▸ **What you have to do**
All of the data below must be reproduced word for word, but without its images.

▸ **Data excerpt**
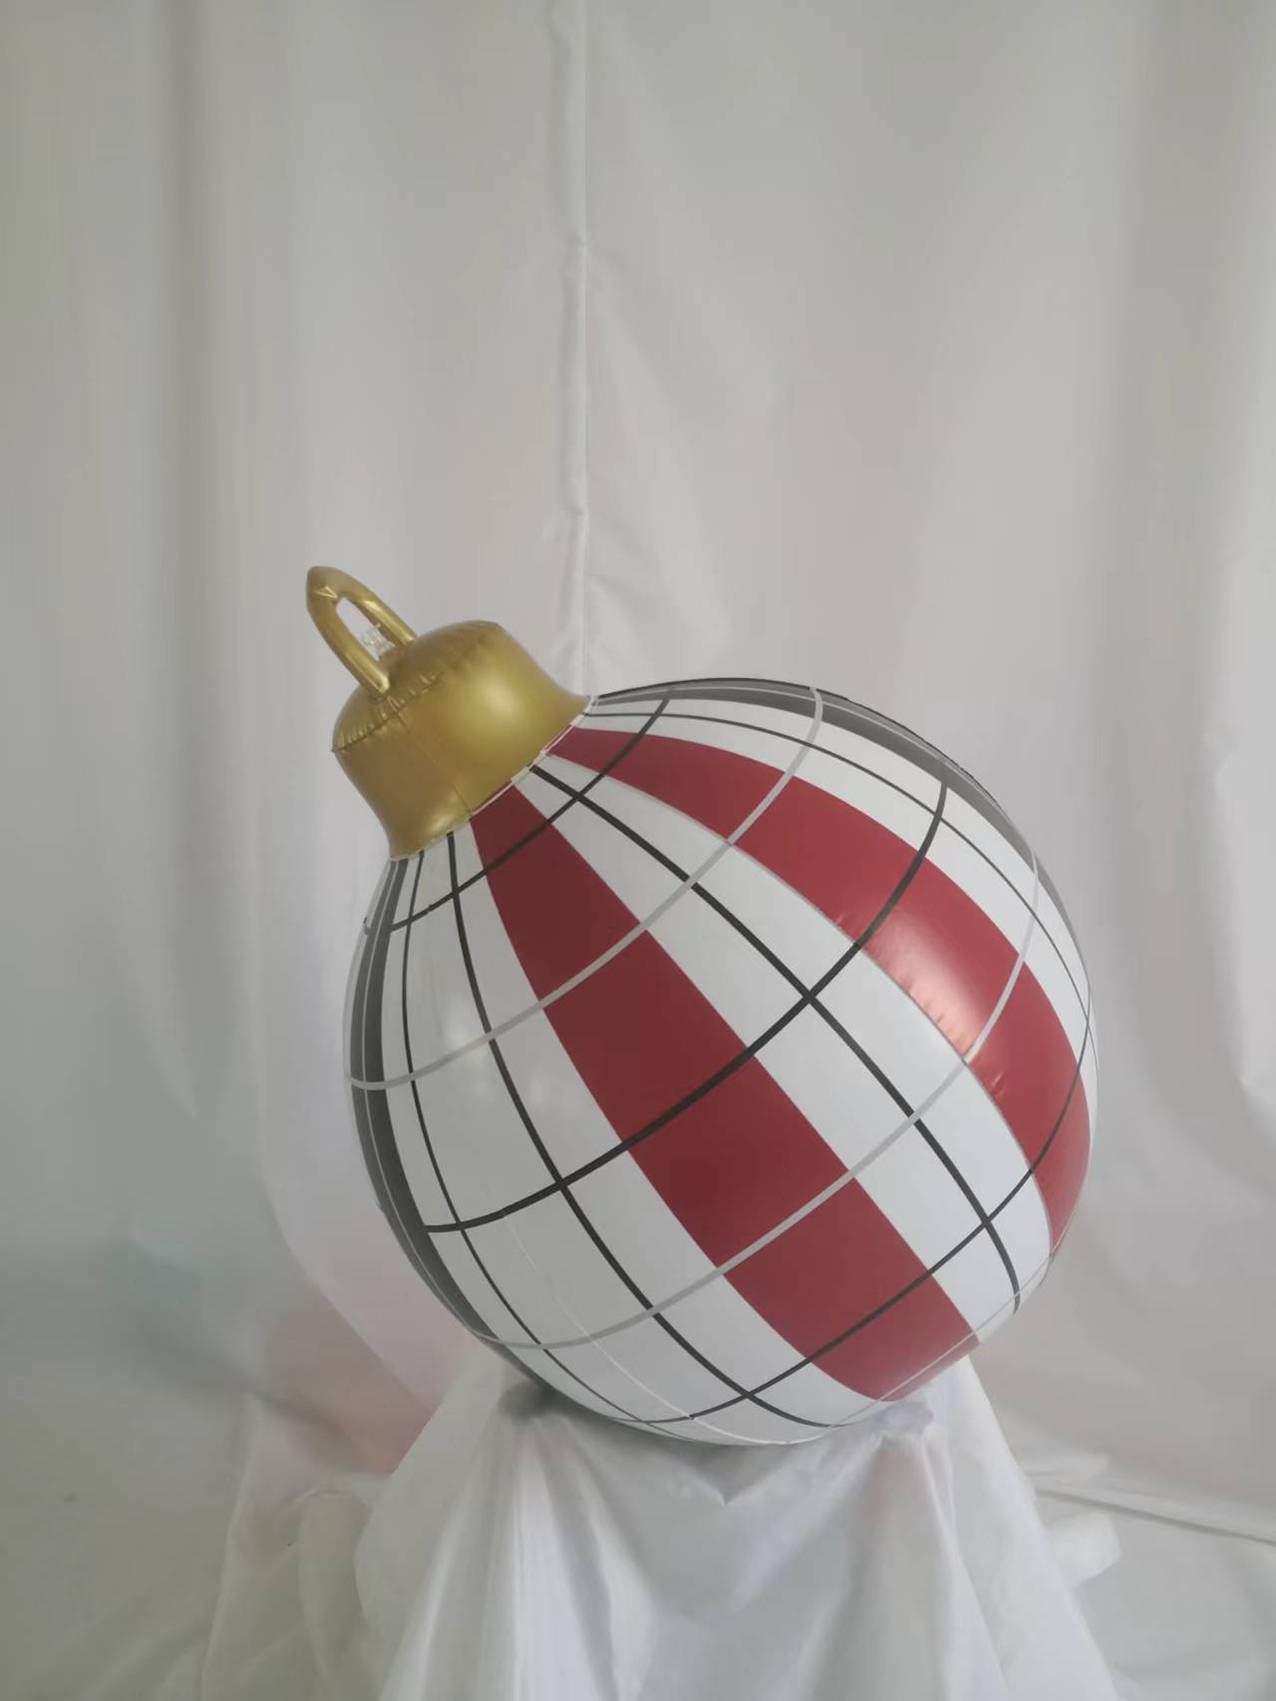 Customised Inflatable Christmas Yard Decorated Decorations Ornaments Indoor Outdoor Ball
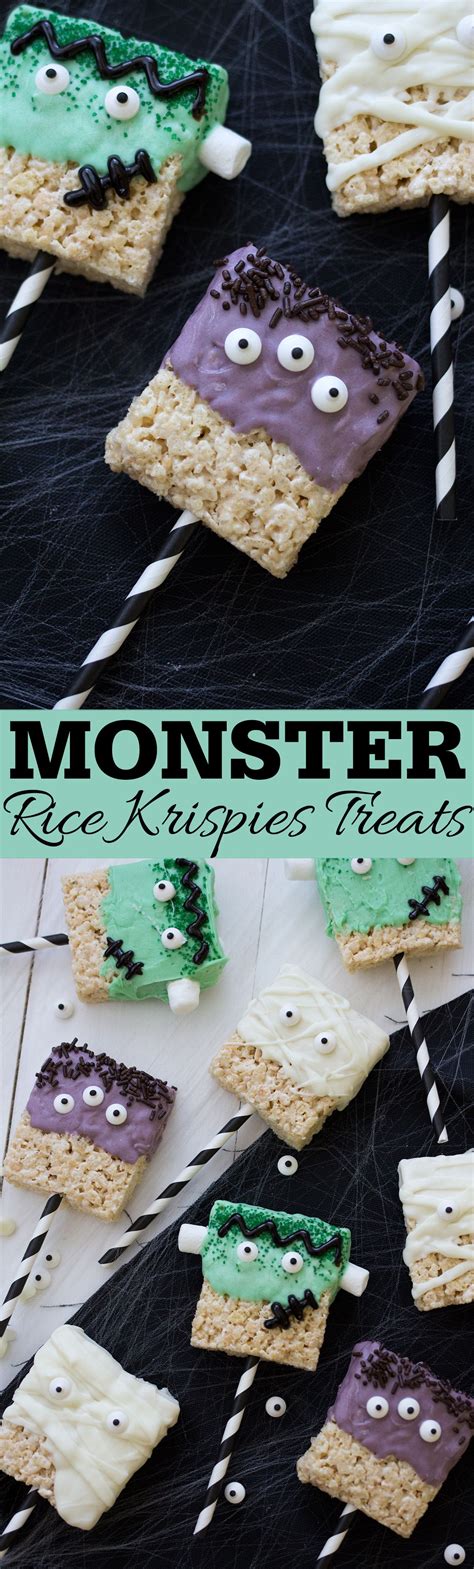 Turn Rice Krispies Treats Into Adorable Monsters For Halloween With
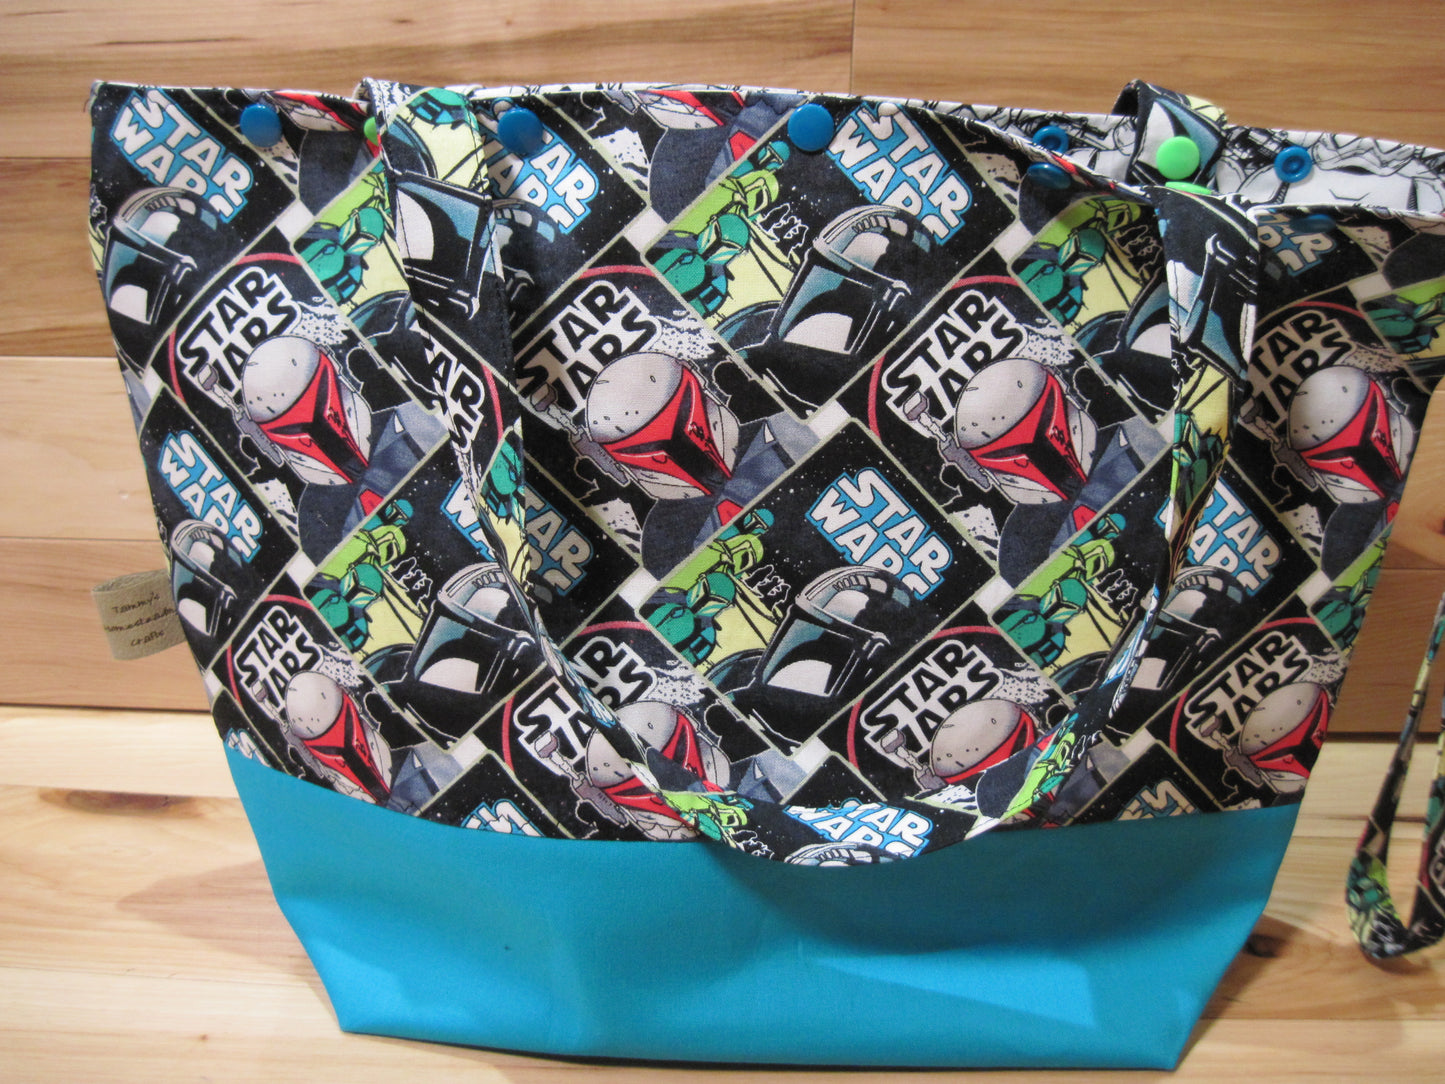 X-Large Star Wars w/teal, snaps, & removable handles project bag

▸ **Your solution**
 Customised Inflatable Christmas Yard Decorated Decorations Ornaments Indoor Outdoor Ball
 Turn Rice Krispies Treats Into Adorable Monsters For Halloween With
 X-Large Star Wars w/teal, snaps, & removable handles project bag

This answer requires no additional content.